Despite its overly provocative title, Fiasco: The American Military Adventure in Iraq by Thomas Ricks is a very well-written book that has been well received by many within the military. One of Ricks’ main points is that, during the 2002-2003 build-up to war, Gen. Eric Shinseki, the former Army chief of staff who retired shortly after the launch of Operation Iraqi Freedom, forcefully stated that, based on the army’s experience in Bosnia, a force of about 300,000 would be needed to stabilize Iraq after Saddam’s fall. A responsible debate over Iraq would have considered two options: a continued policy of containment or sending a force large enough to do the job. Unfortunately, civilian officials in the Department of Defense who were in favor of sending a smaller force carried the day. The result was, as one State Department official quoted in Ricks’ book said, the United States sent “just enough forces to elicit a strong response from Iraqi nationalists but inadequate forces to make the transition work.”

I believe the likelihood of failure as a result of sending an inadequate force was great enough to weaken Weigel’s argument that the invasion of Iraq was necessary. I believe, and certainly my expertise is limited at best, that the best option would have been to follow General Shinseki’s advice. If it proved politically impossible to convince the American people to support this, then it would in all likelihood have been a wiser course of action to continue a policy of containment. Neither of these options was chosen. As a result, there is now the potential that threats could emerge from Iraq that will prove to be greater than any danger Saddam Hussein was ever likely to pose. Also, the fact that Saddam Hussein was not in possession of WMDs shows that massive mistakes were made in evaluating the degree of the threat posed by Iraq. This also argues against the necessity of the invasion of Iraq; but, to be fair, decisions made in 2003 should be evaluated in light of the information that was available then.

Ryan Larson
Joliet, Illinois

George Weigel’s “Just War and Iraq Wars” is as lucid and engaging as I have come to expect from his pen. I hesitate to criticize one whose integrity, decency, and patriotism I have no cause to doubt, and who argues so articulately besides. In our common desire, we are certainly brothers. Nevertheless, I believe Weigel draws an erroneous conclusion precisely because he argues from a flawed premise, which is that we somehow owe the Iraqis a stable government. Surely that cannot be the case. Attaching any other criteria to the term victory other than “vanquishing the foe” is a prescription for interminable war, no matter how desirable or noble the goals may be—and that leads to lesser, not greater, justice.

His premise is too nuanced and multifaceted to give it proper due in a sentence. If I may crudely summarize, however, he says that, whatever mistakes we may have made in entering the war (which, for what it is worth, I believe was justified) or in managing it afterward, we cannot in good faith abandon the effort now; we must persevere to build a viable government there. At least this is the point from which flows the moral anguish over what to do next. This is where honest men may differ and where I protest he does not give adequate, or even equal, consideration to the ill effects of “staying the course,” to use an oft-repeated mantra.

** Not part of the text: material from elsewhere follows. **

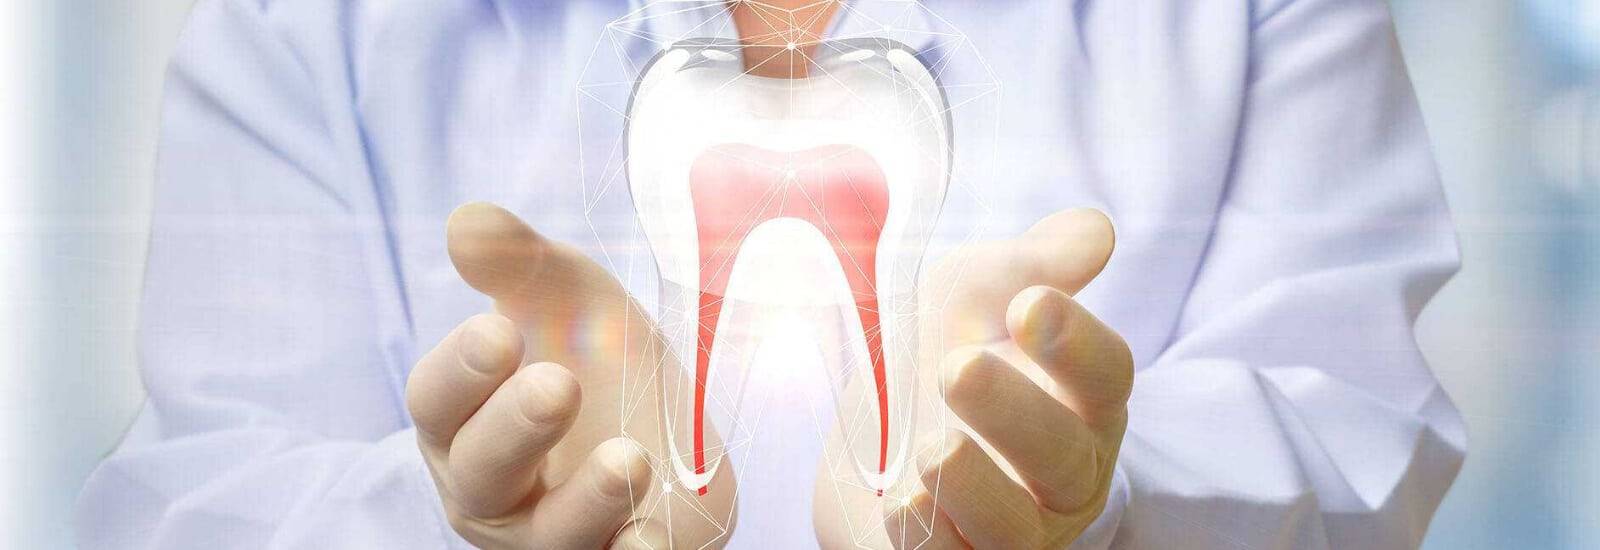 root-canal-therapy-pune

Could the region implode upon our withdrawal? Certainly, and it may anyway, despite our heroic efforts. Raising the specter, as Weigel does, of two large groups of anti-U.S. Muslims decimating each other will garner little sympathy in America, though. Arming the Kurds and beginning a principled withdrawal is neither cut-and-run nor stay-and-bleed, just a logical outworking of a sane foreign policy. Perhaps we will have to go back into the region and clean house again, but would that not be better and cheaper than what we now face? So long as our forces can identify an army and titular head of state, we can engage them at a time and place of our choosing.

But the fact that there is even a dilemma results from our forgetting the military’s core purpose. It is not to liberate or democratize or even civilize other nations but to protect ours against aggression. As long as we’re discussing just war, what is more unjust than using the nation’s resources and sending our young men to die for anything other than defending their homeland? This is not a “grand strategic idea,” to use Weigel’s term; I contend that such is not the proper domain of our military. If exceptions are to be made in cases of, say, preventing genocide, that decision must be a conscious one worked out in the public square. As it stands, our justification for this war has evolved through WMD through liberation through democracy for all comers to stable Arab governments. We do have a few examples where nation-building has worked but only where stable societies existed and the rule of law prevailed within living memory, prior to the usurpation of power by fascists or Communists. In Mesopotamia’s four-thousand-year history, though, this cannot be said. The same is true of Afghanistan (remember Afghanistan?), notwithstanding a recent election. Indeed, we are beginning to realize democracy may not be such a good thing when the people being elected are terrorists. Such a dream as universal democracy is laudable but increasingly laughable. So, no, a principled withdrawal is neither contemptible nor any more dangerous than what we have now. This hard-nosed position was the norm until fairly recently.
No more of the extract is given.